If you want Iowa, Nebraska, Minnesota to be like Ball State, then have it it. The TV networks don’t.
- Oswego Willy - Tuesday, Jun 29, 21 @ 4:15 pm:
=== At least for these good old boys, it’s going to be a much more efficient use of their sports money. Instead of having to buy stupid buildings and athletic offices and weight rooms with individual TVs at every locker, they can give the money directly to the guys they want.===
Prophetic by the Professor.
- EssentialStateEmployeeFromChatham - Tuesday, Jun 29, 21 @ 4:24 pm:
==Why should Kris Bryant resign with the Cubs if the Marlins call?==
Why would he even want to go to the Marlins in the first place?
- Chi Cat - Tuesday, Jun 29, 21 @ 4:47 pm:
@Oswego If the Big Ten Network cares than they can make sure their league pays fair market value for labor.
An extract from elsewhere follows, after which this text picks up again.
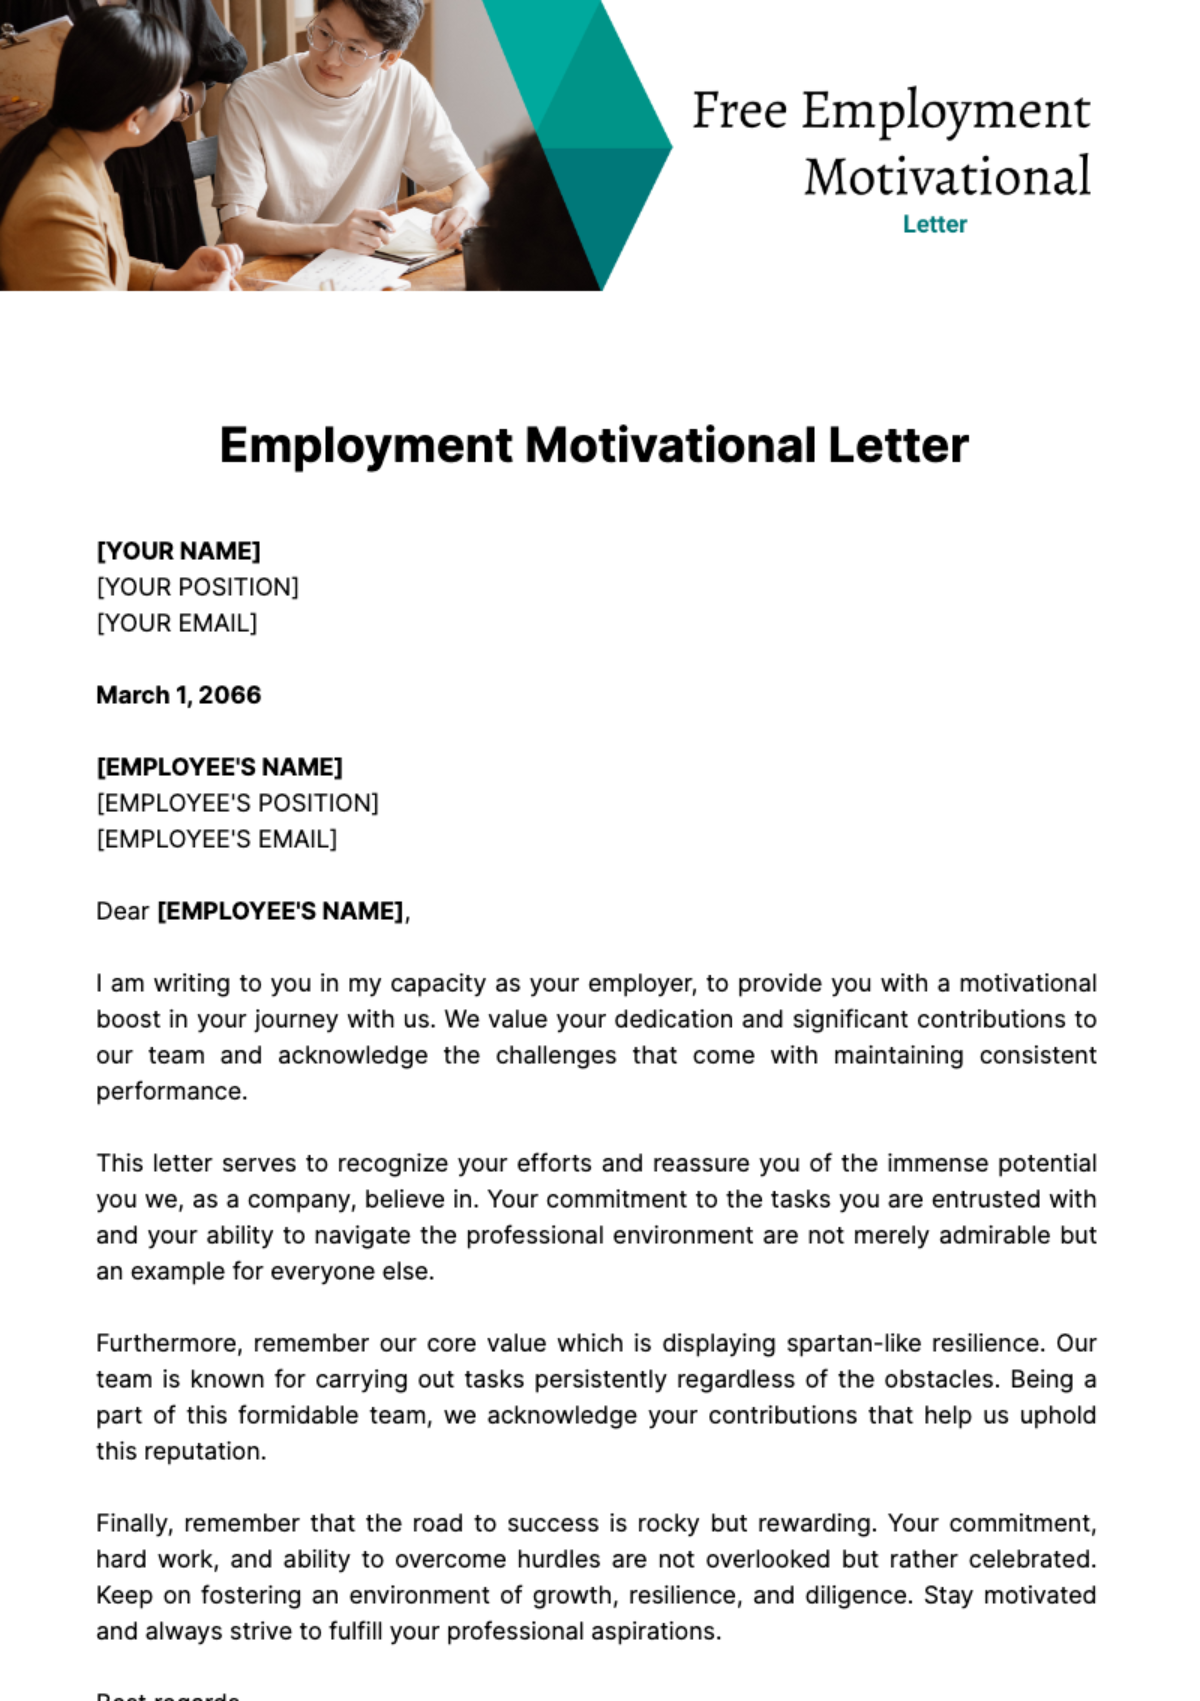 Employment Motivational Letter Template

If they don’t care they won’t.
Assuming the effect is even noticeably different than the disparity we see now between powerhouses and the rest of the field, I’m not going to cry for networks or Bowls at the expense of football players doing damage to their brain for pennys on the dollar.
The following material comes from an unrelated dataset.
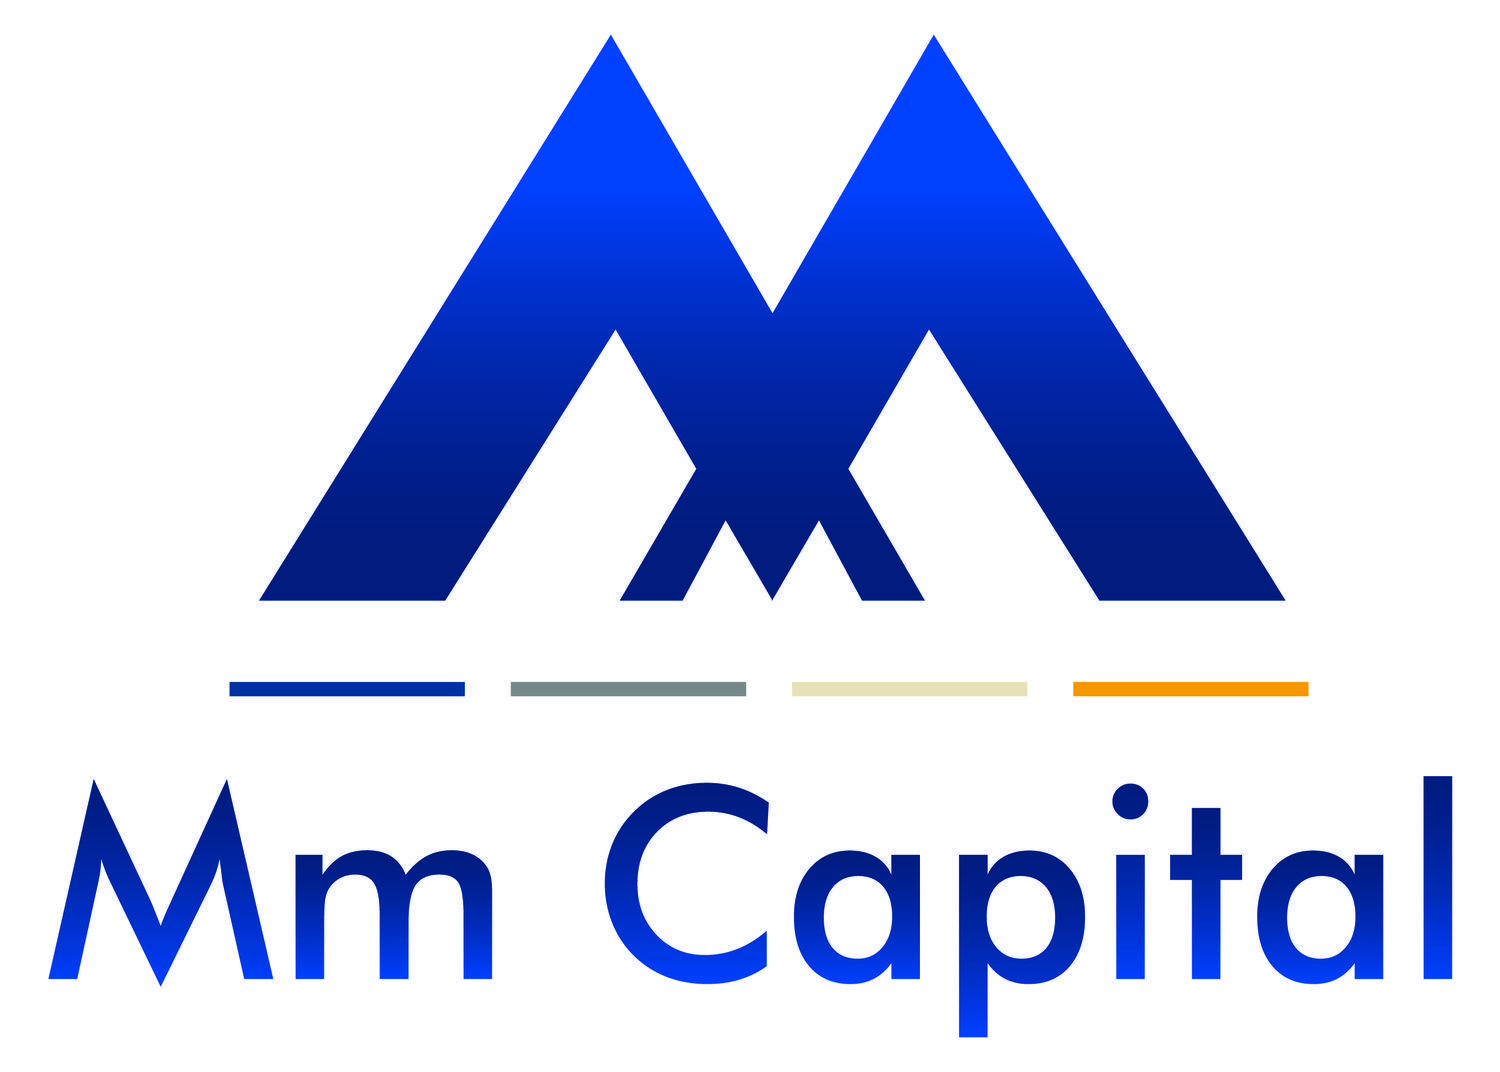 mm Company Logo - Mm Capital

- Oswego Willy - Tuesday, Jun 29, 21 @ 4:51 pm:
=== If the Big Ten Network cares than they can make sure their league pays fair market value for labor. If they don’t care they won’t.===
It’s not the pay… who wants to play in Iowa, Nebraska, Minnesota… when the other markets and states are more lucrative?
You have this all backwards. The athletes will drive the bus. Unless equity for all institutions can be mandated, it’ll be the Wild West, and Oregon became even better than it was before, Maryland (DC Market), Rutgers (tri-state NY) became better… Indiana (Bloomington?)… not as much.
- Chi Cat - Tuesday, Jun 29, 21 @ 5:06 pm:
@Oswego The point is restricting earnings from the athletes for the sake of competitive balance is BS. There isn’t competitive balance under the current system
- Oswego Willy - Tuesday, Jun 29, 21 @ 5:07 pm:
=== The point is restricting earnings from the athletes for the sake of competitive balance is BS===
We’re gonna find out, lol
- Oswego Willy - Tuesday, Jun 29, 21 @ 5:13 pm:
Alone…
===There isn’t competitive balance under the current system===
The money will drive choices, not conferences, allegiances, but markets, relationships, taxing earnings…
Conference bottom feeders thought they had it bad, wait till money and bidding begins, with not only coaches meeting with high school juniors and seniors, but tax attorneys, marketers…
… the equity to the institutions, you’d think the majority would want that without denying opportunities. Signing days gonna be like…
“Joe Schmoe signed with Florida, Disney World, PGA Superstores and Waffle House”
I mean, I’d go to Florida State with a Waffle House endorsement
- 47th Ward - Tuesday, Jun 29, 21 @ 9:42 pm:
===Can’t wait to see which athlete gets the big cannabis endorsement. Or maybe Draft Kings.===
Blue, you should have read the bill before you put your foot in your keyboard. But once again, I enjoyed your self-own.
- Just Me 2 - Tuesday, Jun 29, 21 @ 10:39 pm:
With this change there is no need for athletic scholarships. Just because you can play ball that shouldn’t mean you get a better education than those who can’t.